* [Instructions to follow]: The listing is to be transcribed in full, with its images left out.

* [Data segment]:
::::
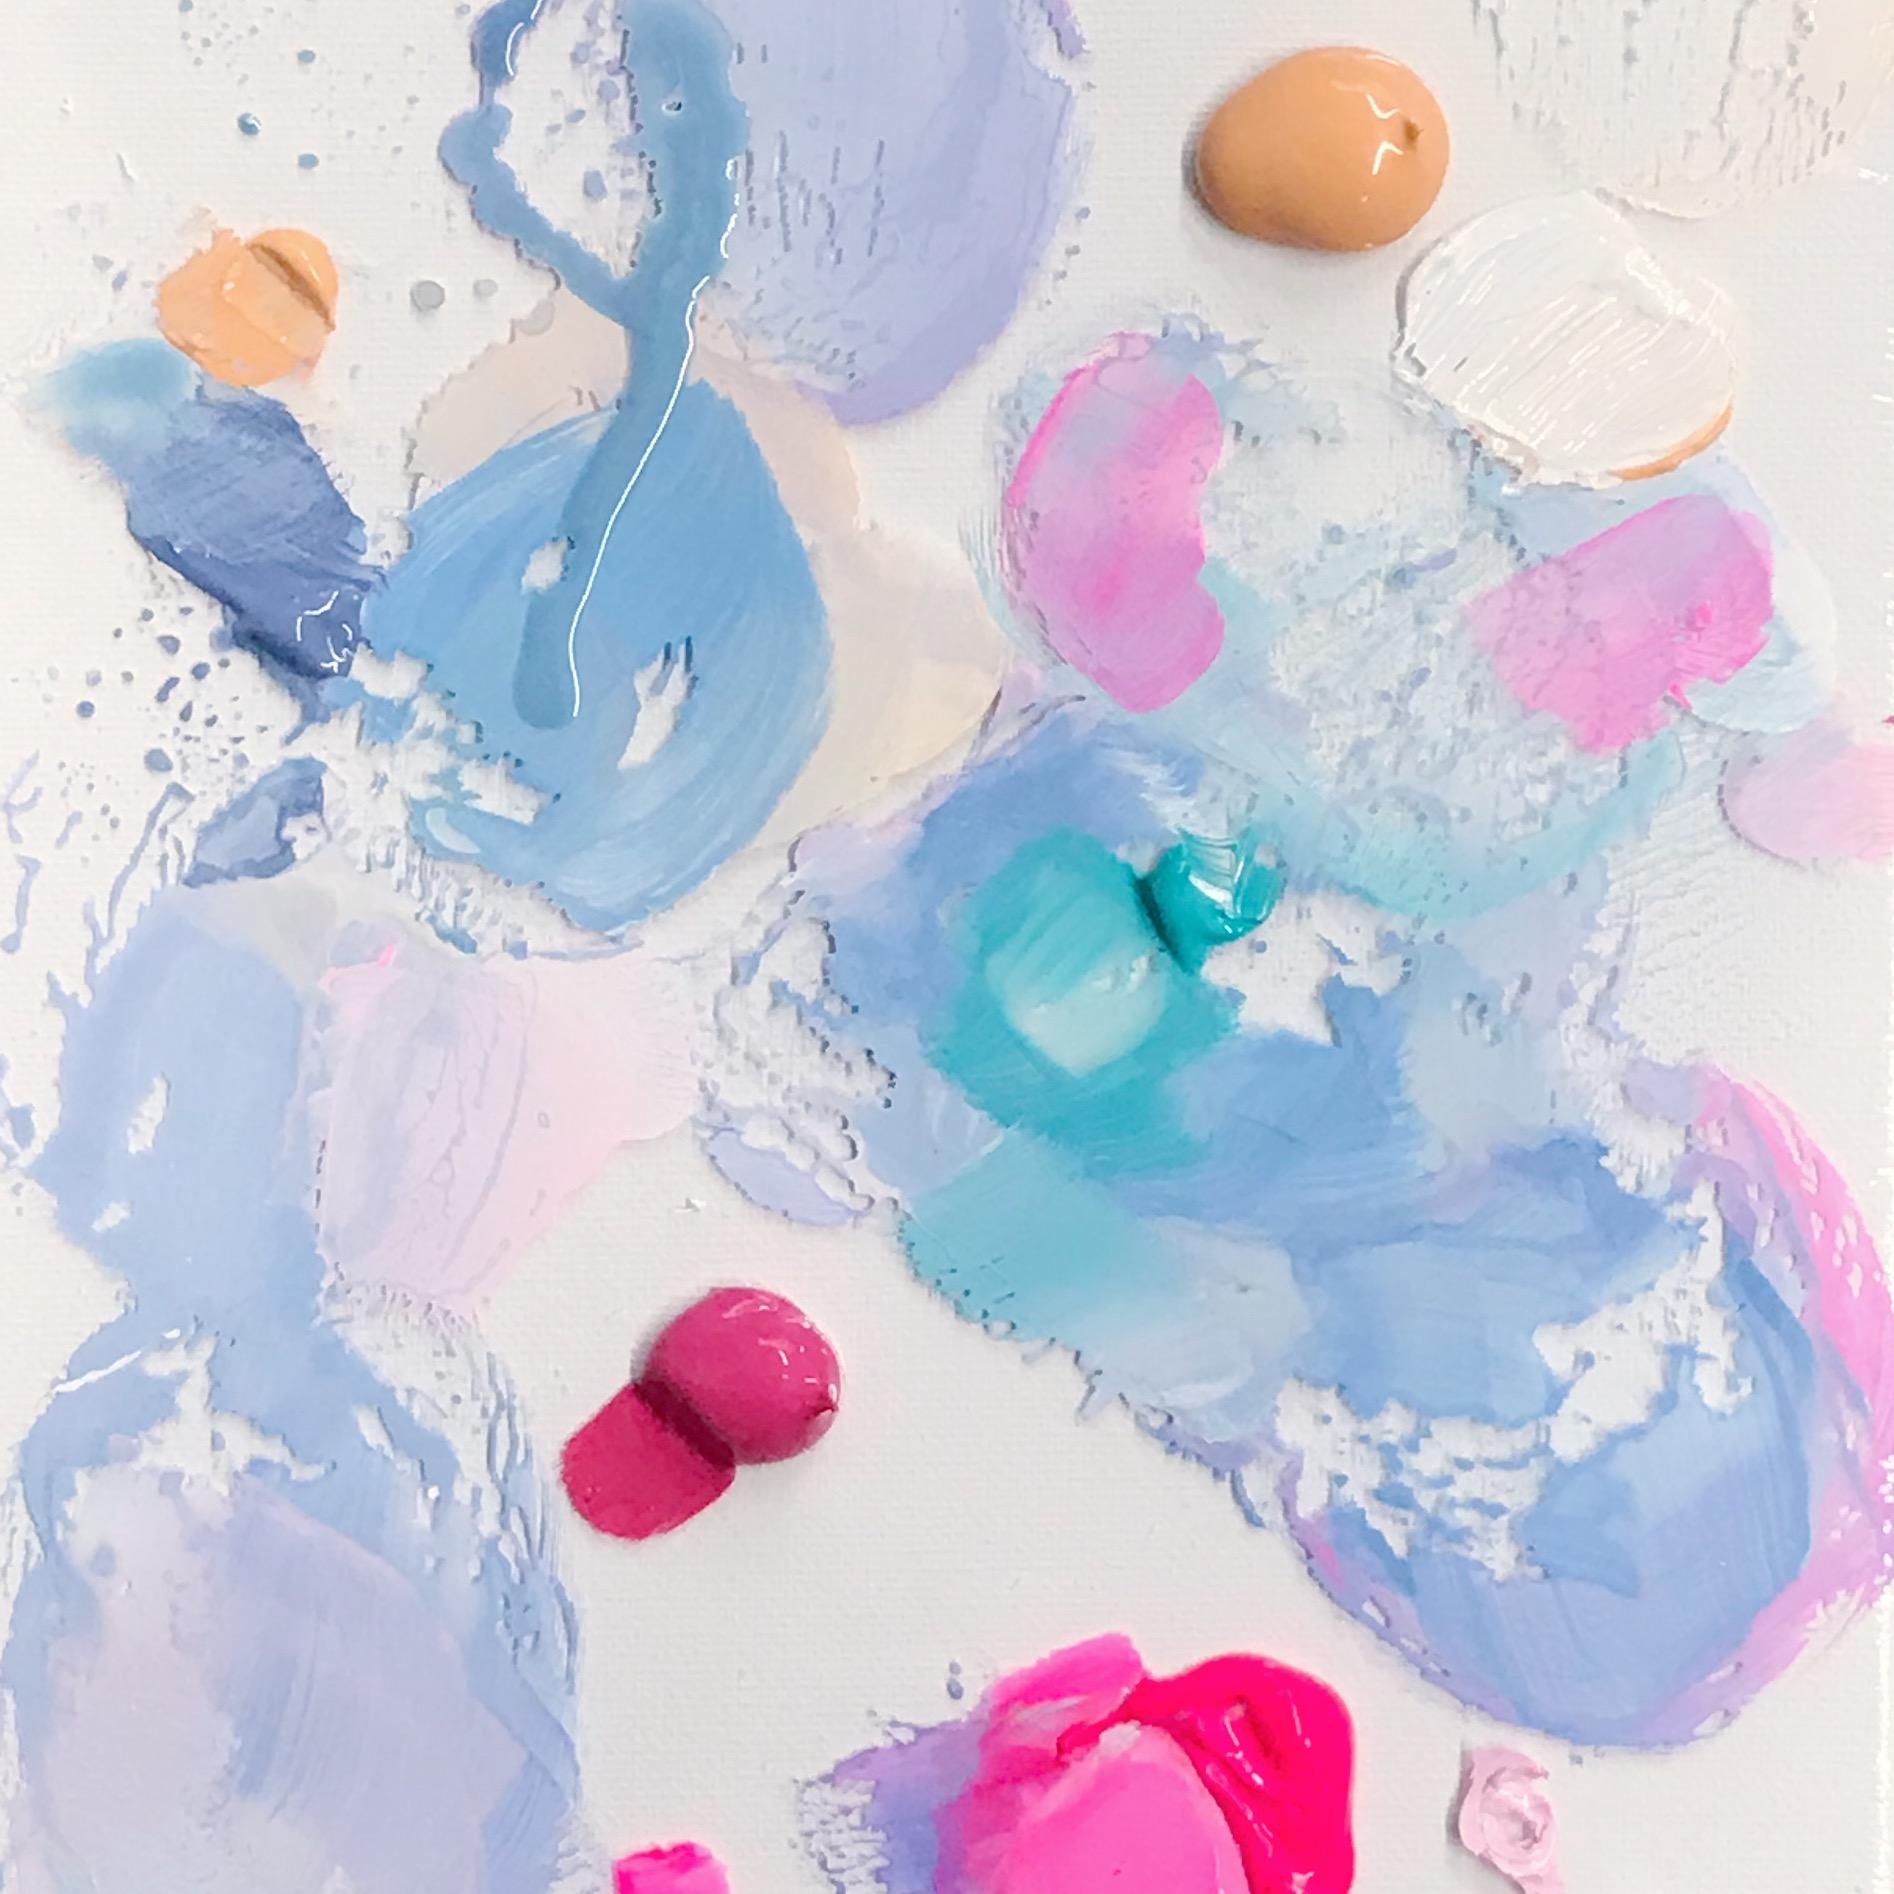 Paint palette by Megan Elizabeth of Art by Megan
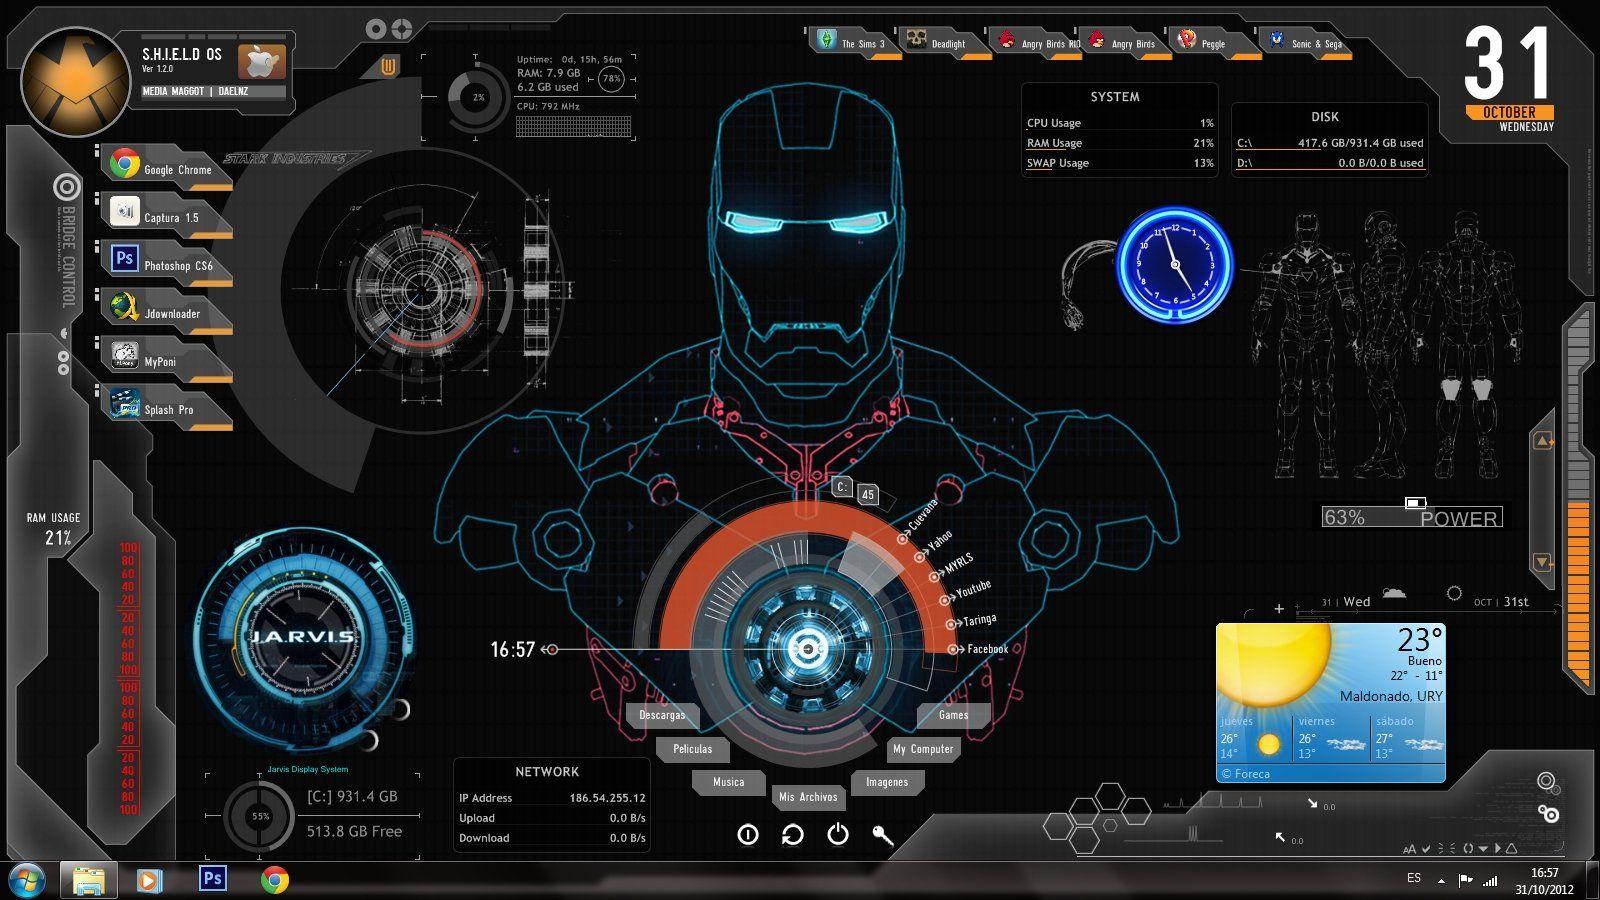 Descargar Fondos De Pantalla En Movimiento Gratis Para Pc Wallpaper Pc Iron Man Wallpaper 3d Wallpaper For Pc
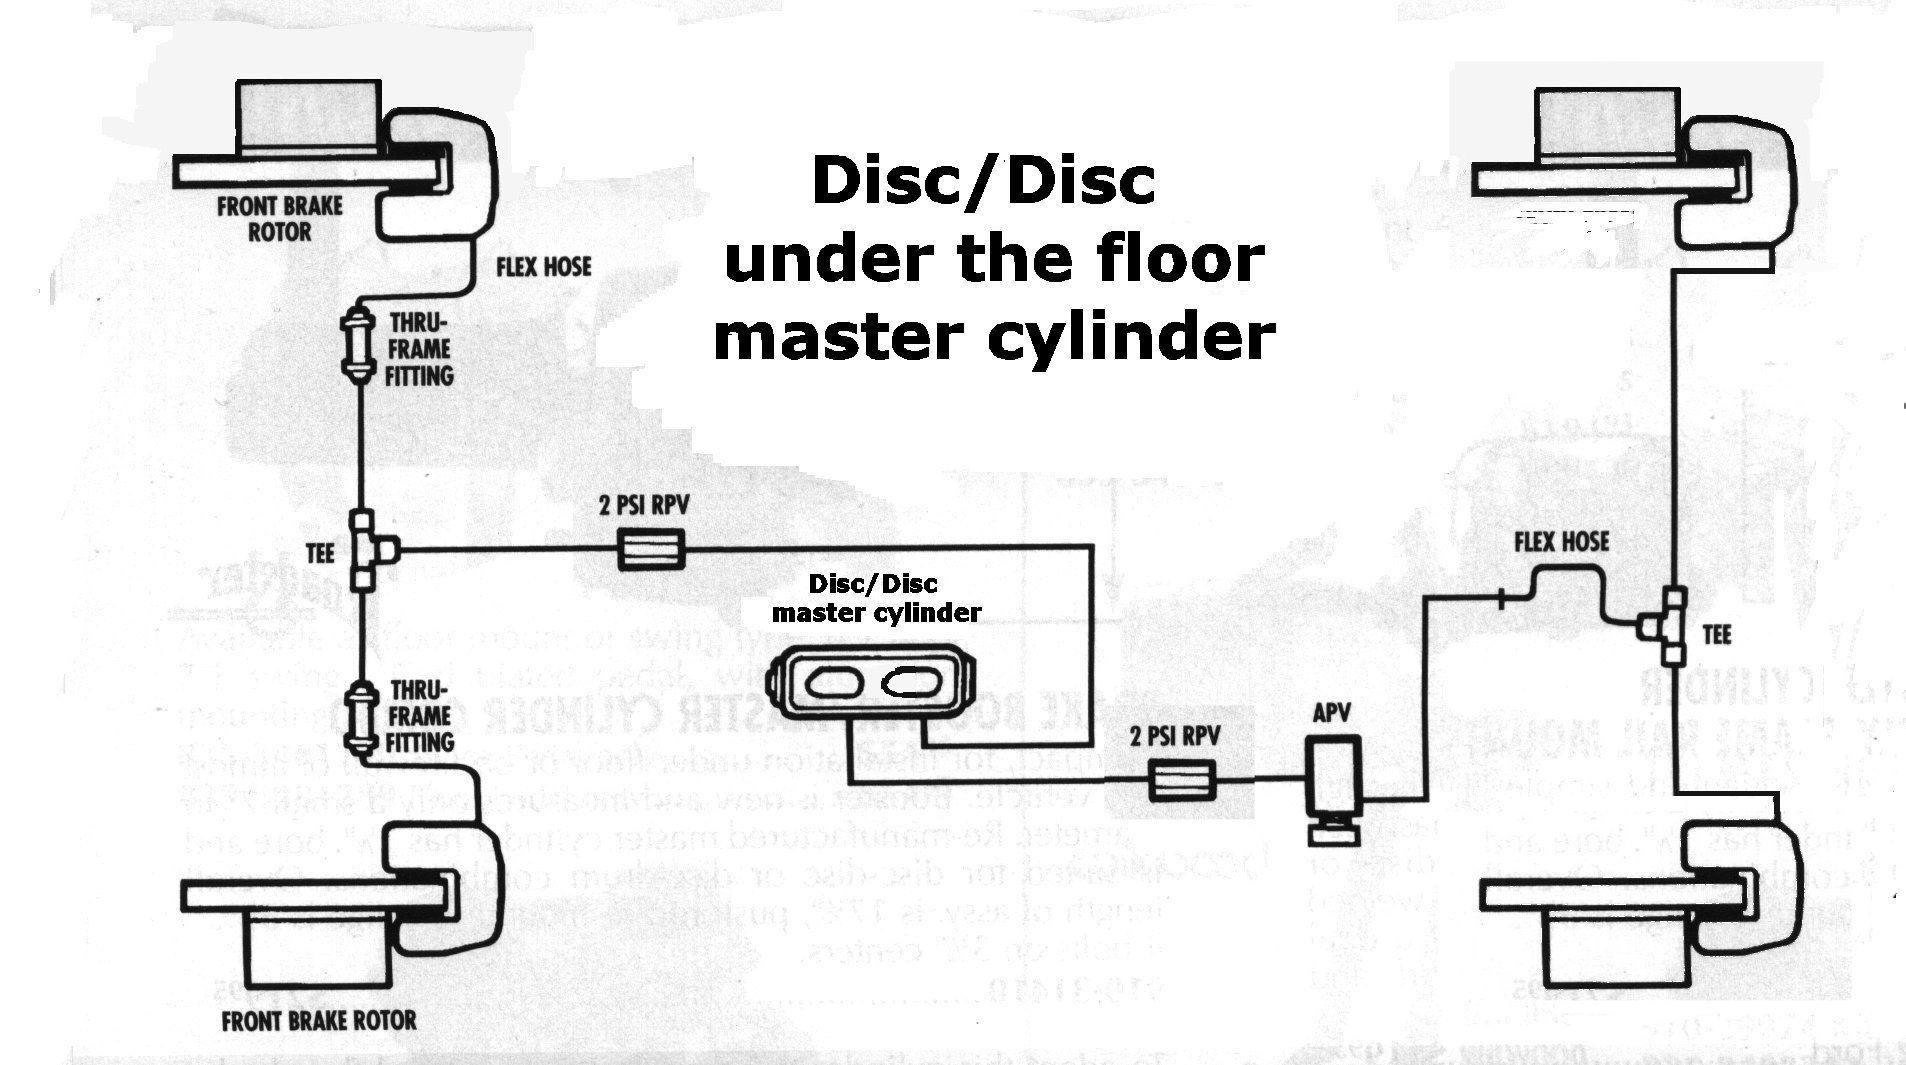 bose 321 fuse diagram
::::
* [Written solution]:
 Paint palette by Megan Elizabeth of Art by Megan
 Descargar Fondos De Pantalla En Movimiento Gratis Para Pc Wallpaper Pc Iron Man Wallpaper 3d Wallpaper For Pc
 bose 321 fuse diagram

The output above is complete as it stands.